──────── Information provided
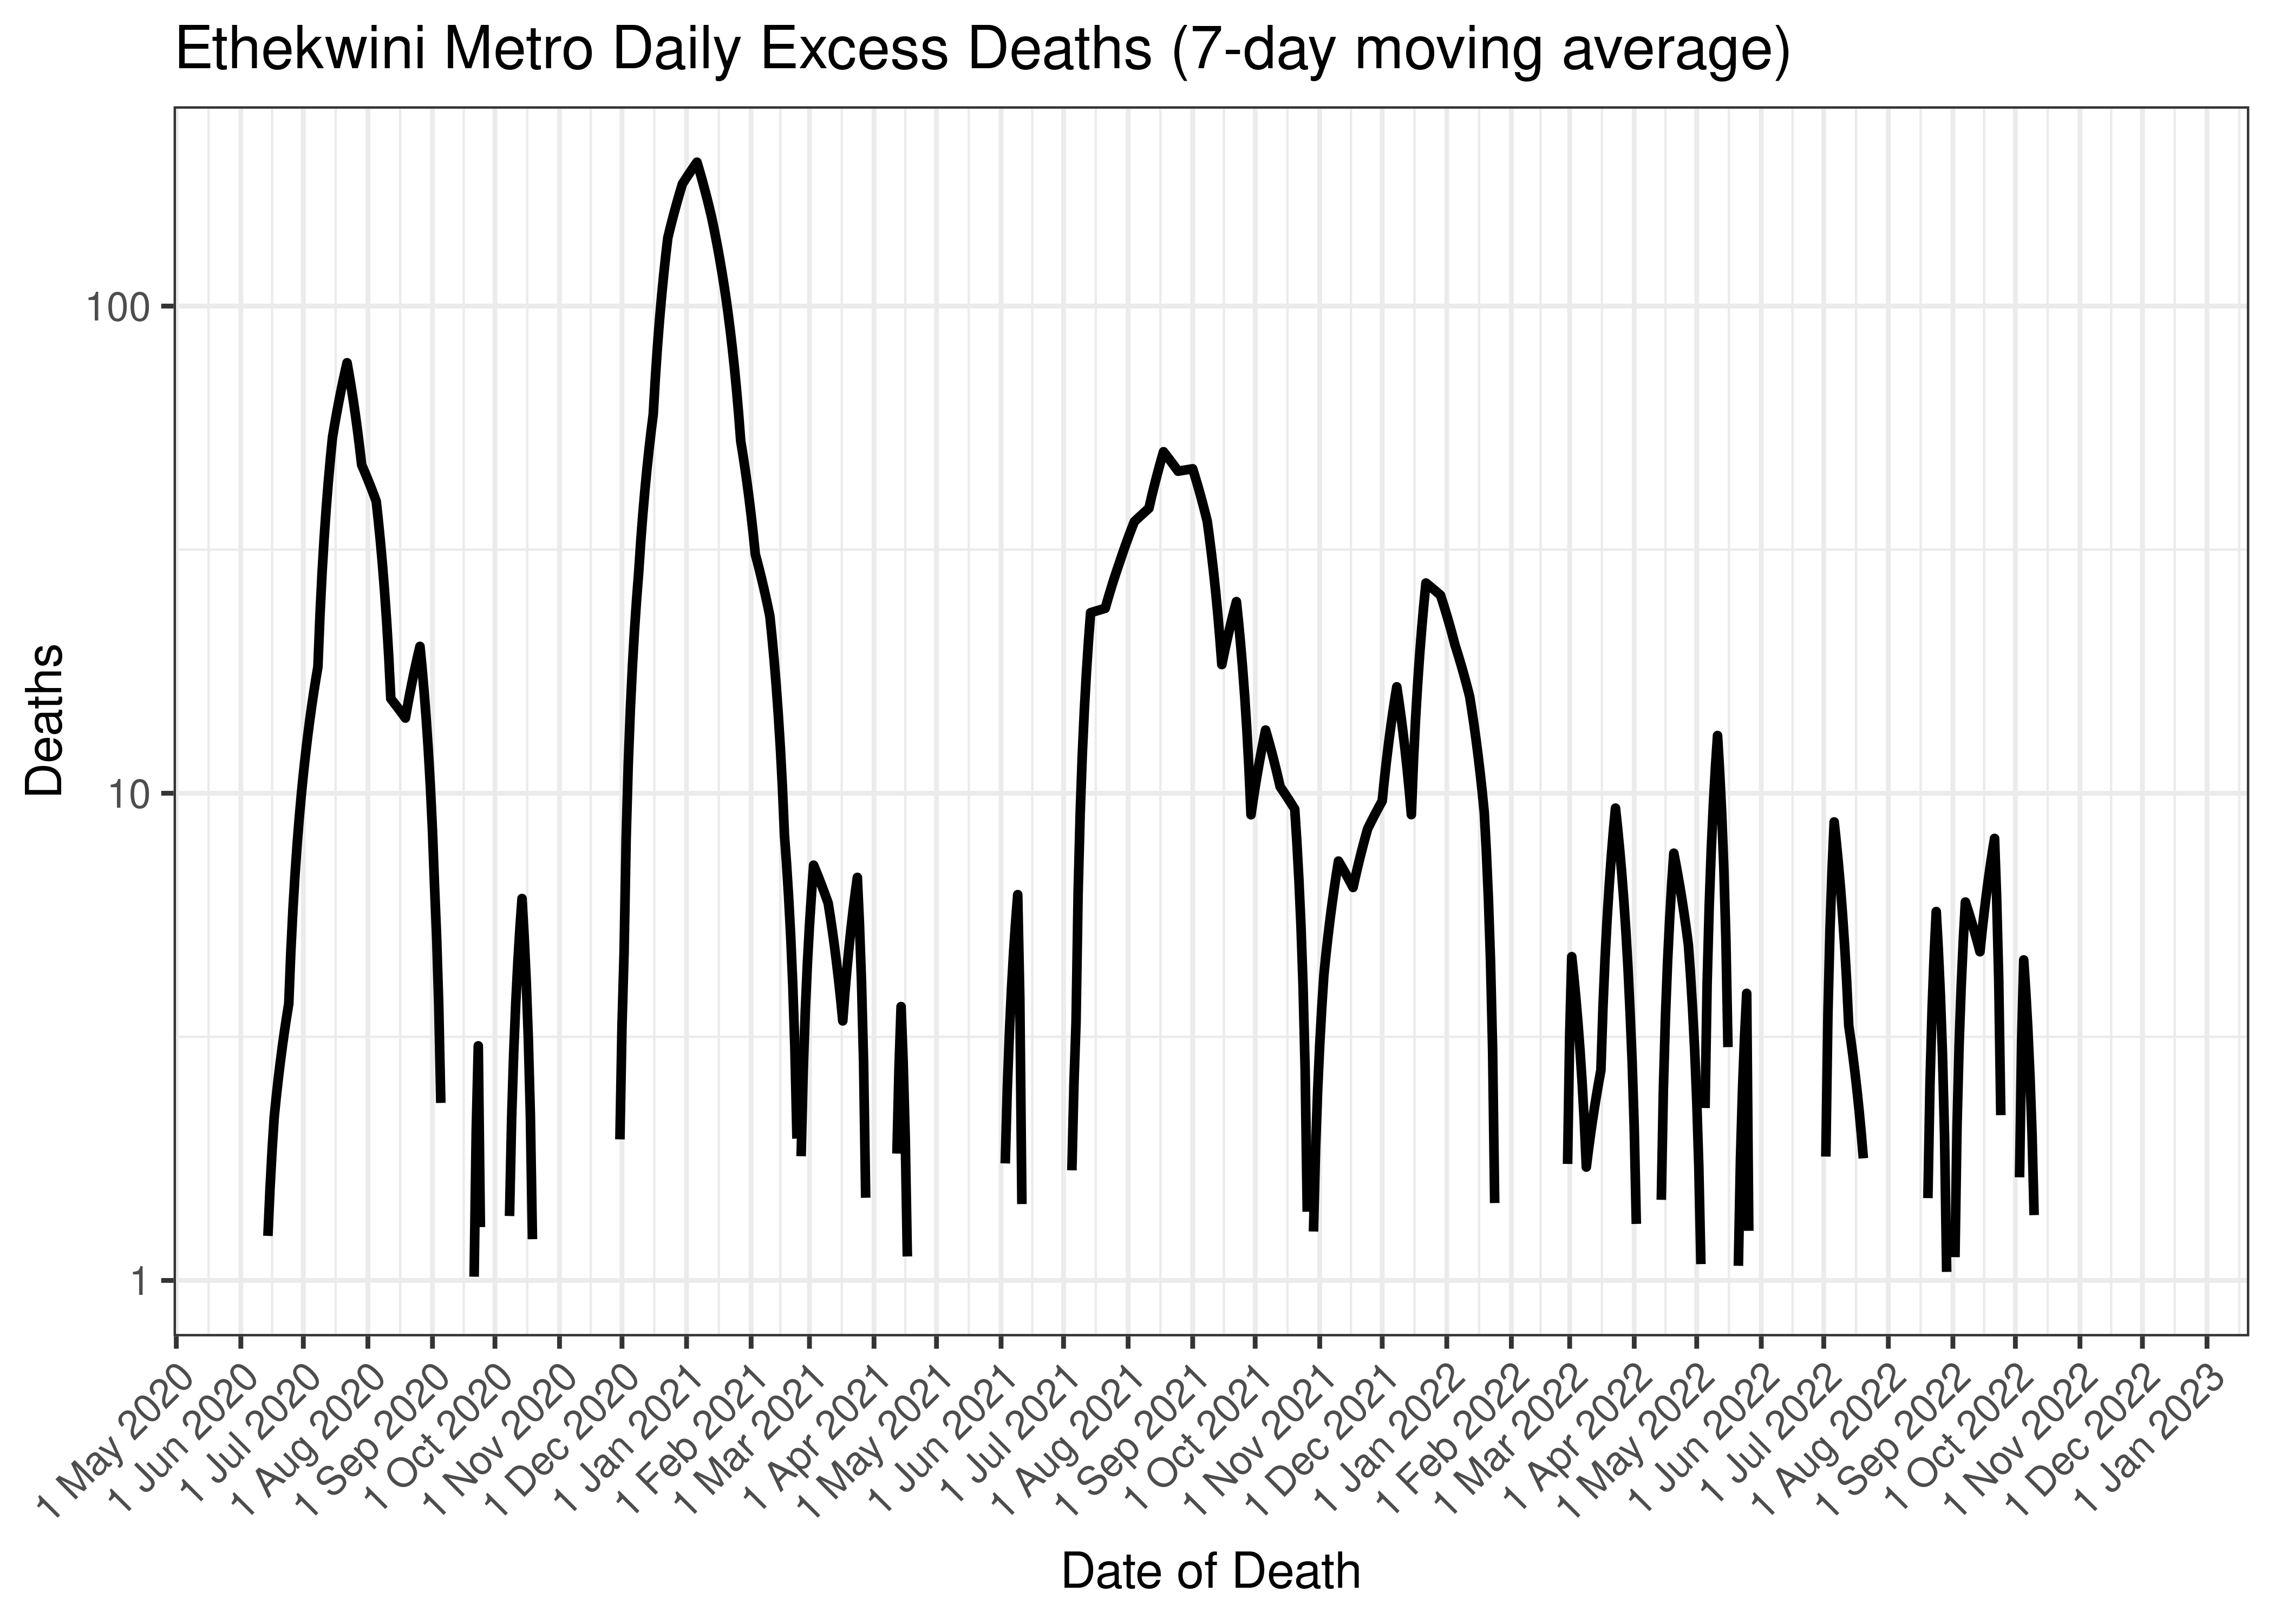 Ethekwini Metro Daily Excess Deaths (7-day moving average)
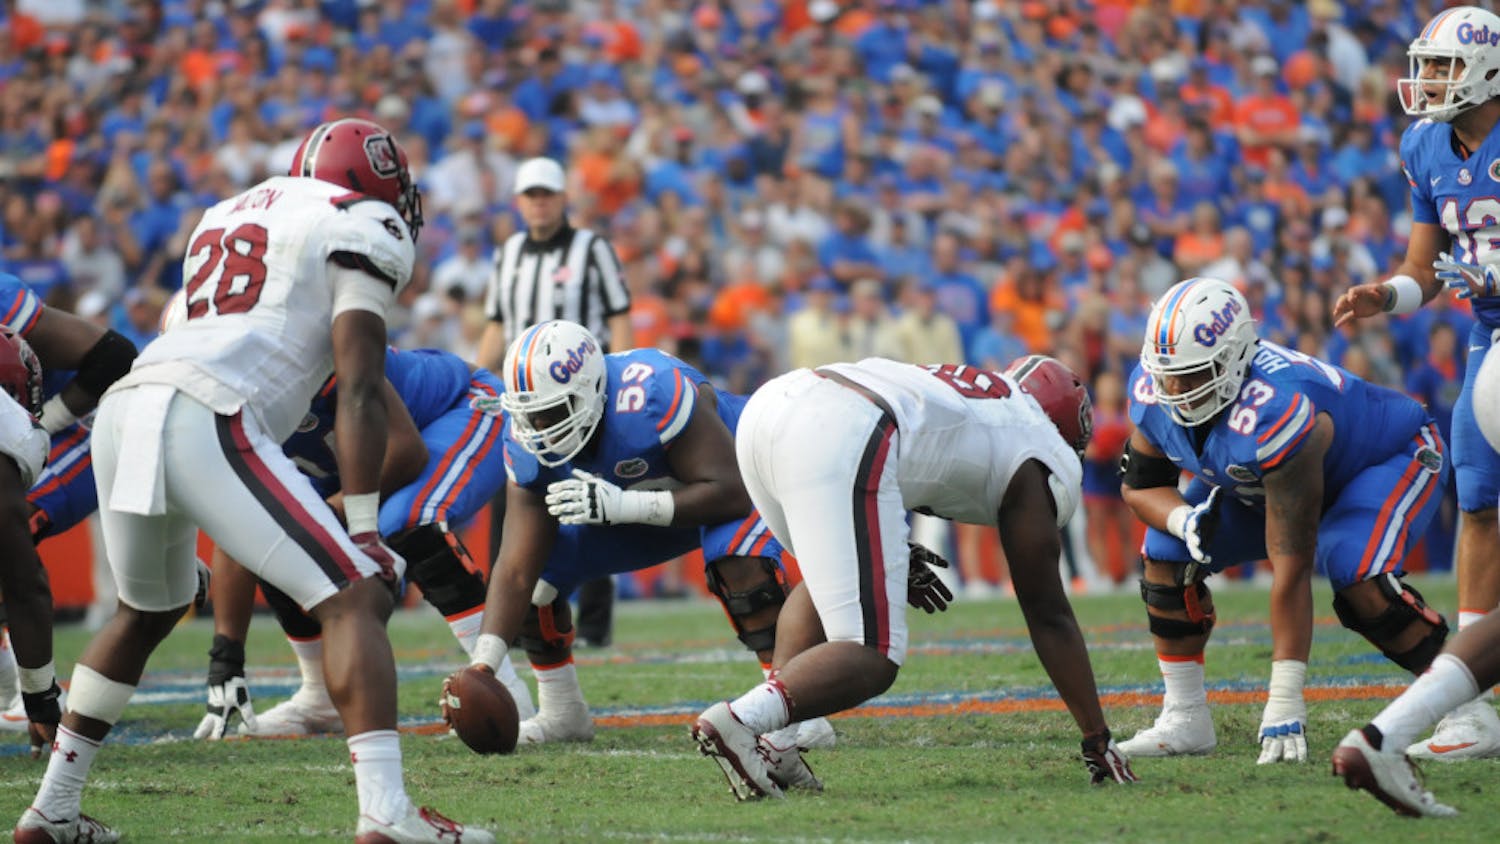 T.J. McCoy (59) prepares to snap the ball during Florida's win against South Carolina on Nov. 12, 2016, at Ben Hill Griffin Stadium.
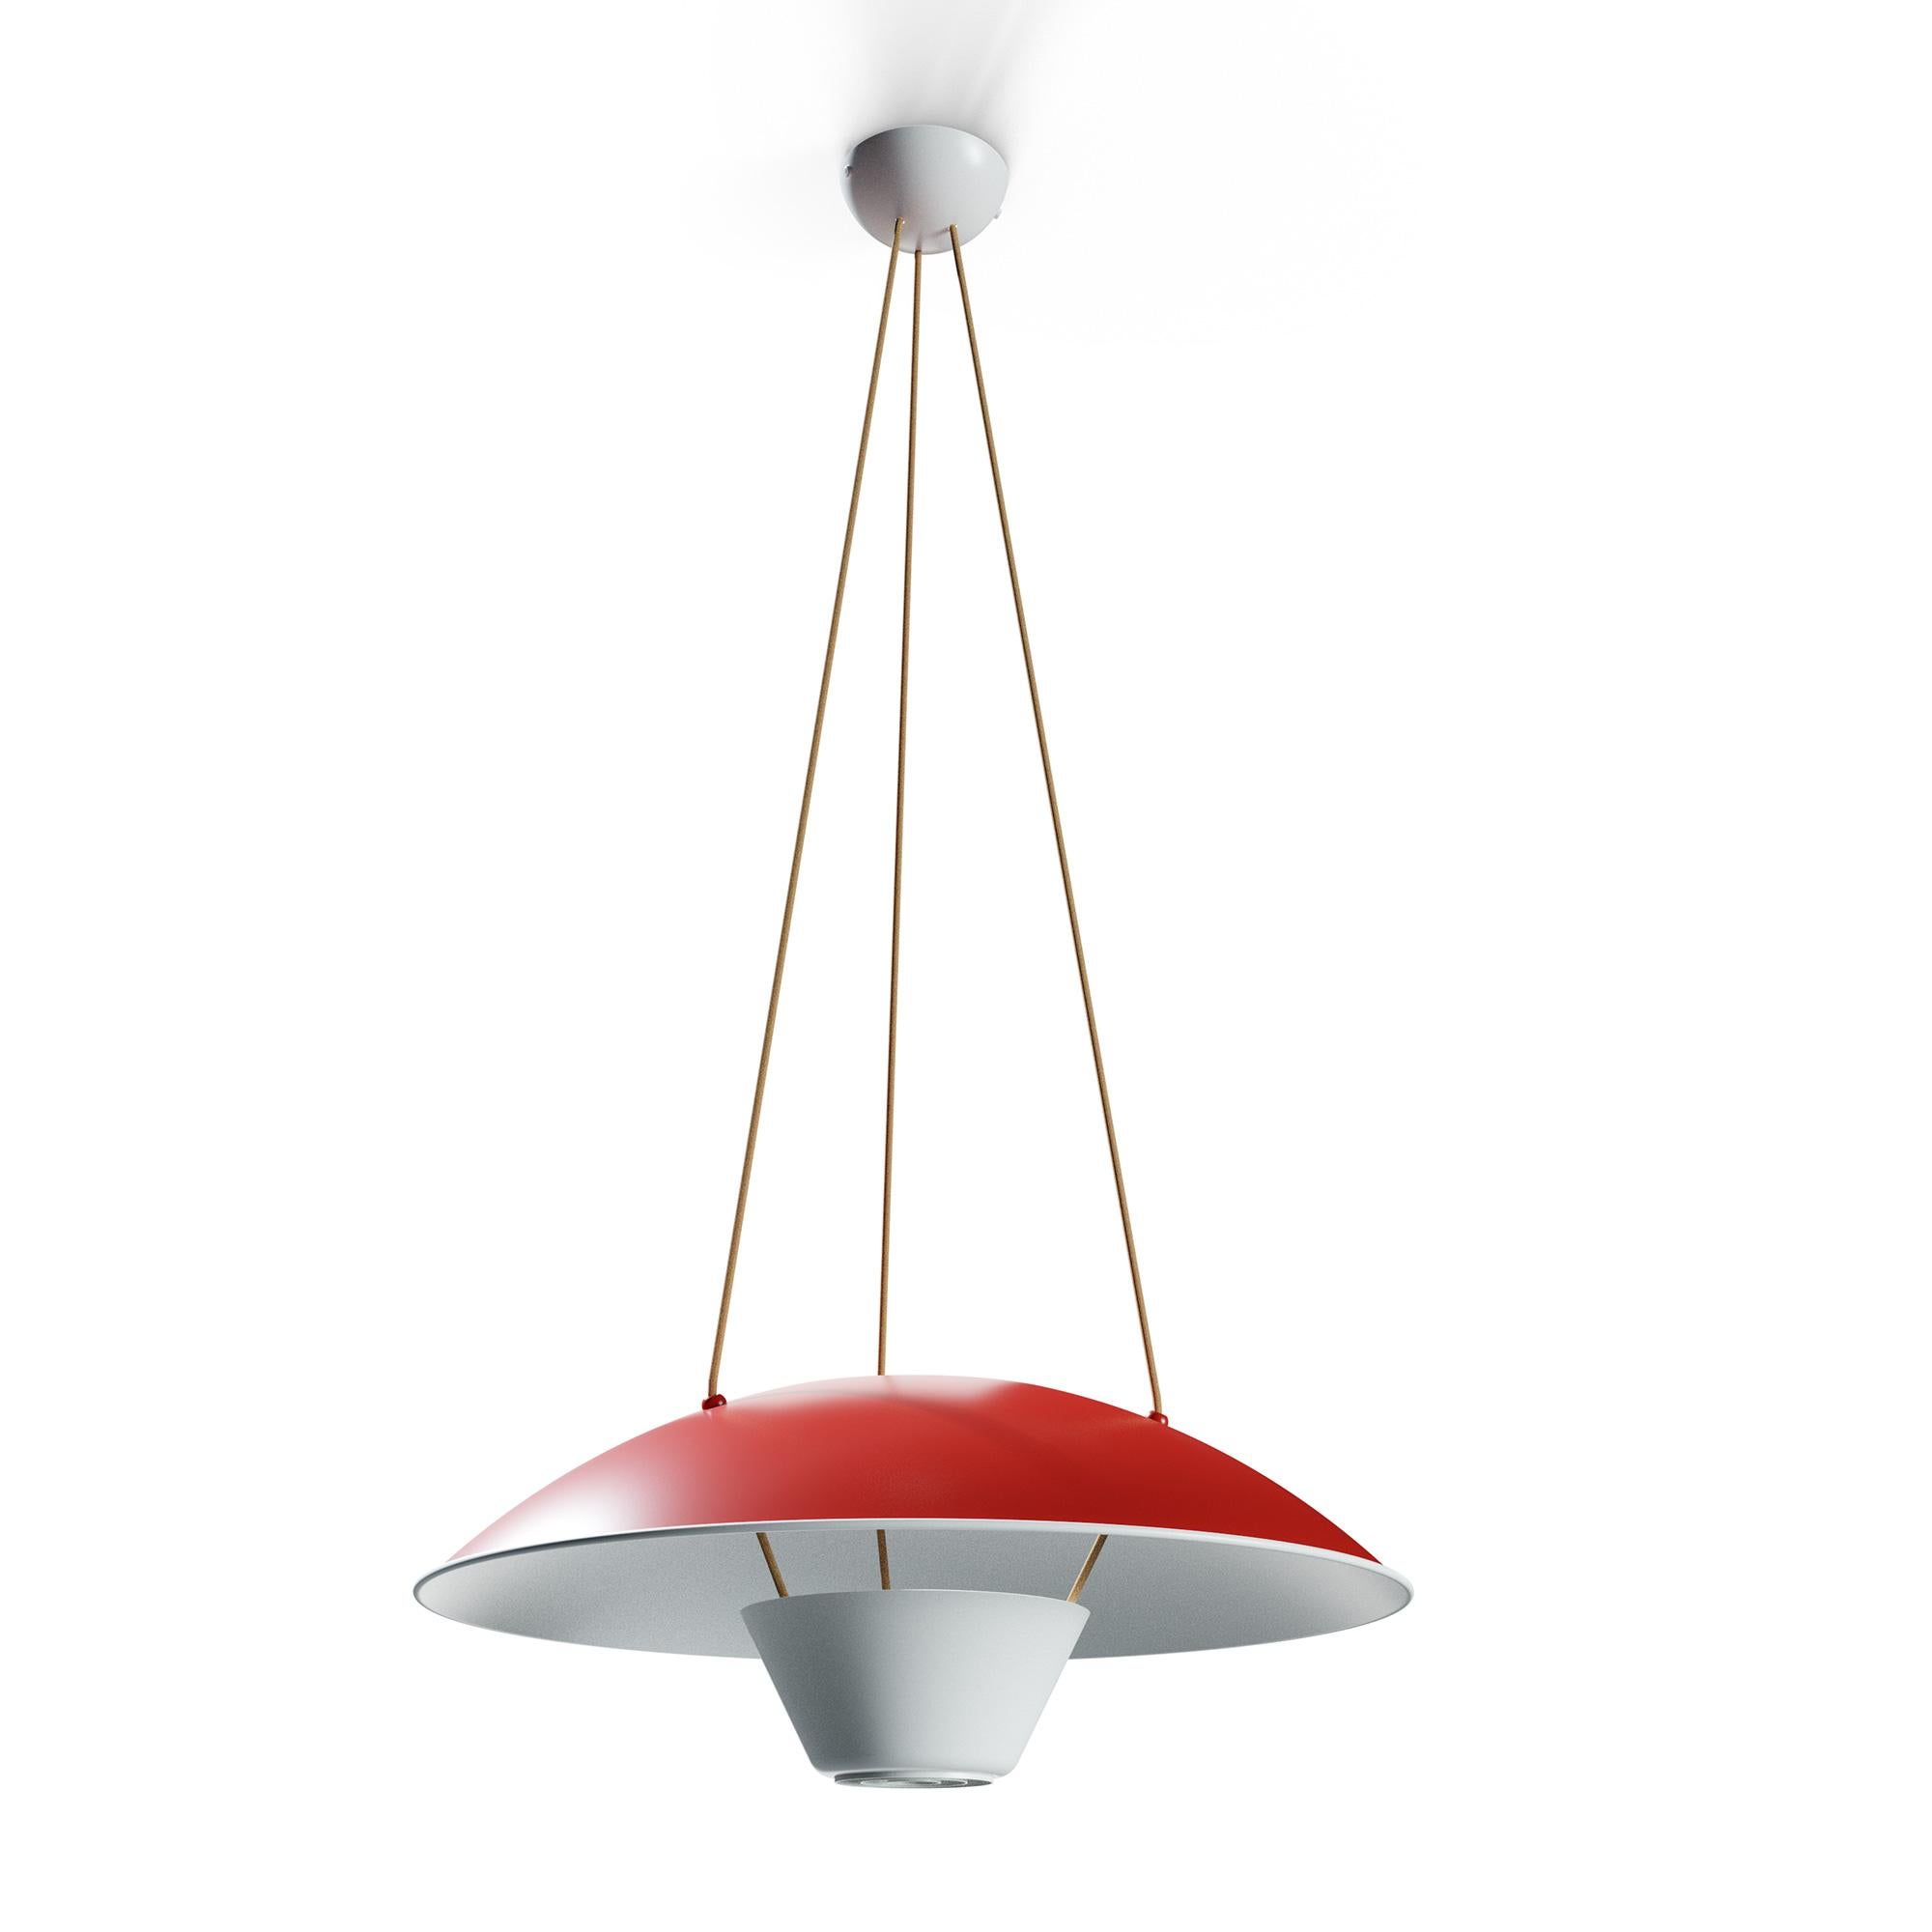 Michel Mortier M4 suspension lamp in red for Disderot. Originally designed in 1952, this sculptural lamp is a newly produced numbered edition with authentication certificate made in France by Disderot with many of the same small-scale manufacturing
────────────────
## Assigned task
Without including any pictures, copy every line above exactly.

## Solved exercise
 Ethekwini Metro Daily Excess Deaths (7-day moving average)
 T.J. McCoy (59) prepares to snap the ball during Florida's win against South Carolina on Nov. 12, 2016, at Ben Hill Griffin Stadium.
 Michel Mortier M4 suspension lamp in red for Disderot. Originally designed in 1952, this sculptural lamp is a newly produced numbered edition with authentication certificate made in France by Disderot with many of the same small-scale manufacturing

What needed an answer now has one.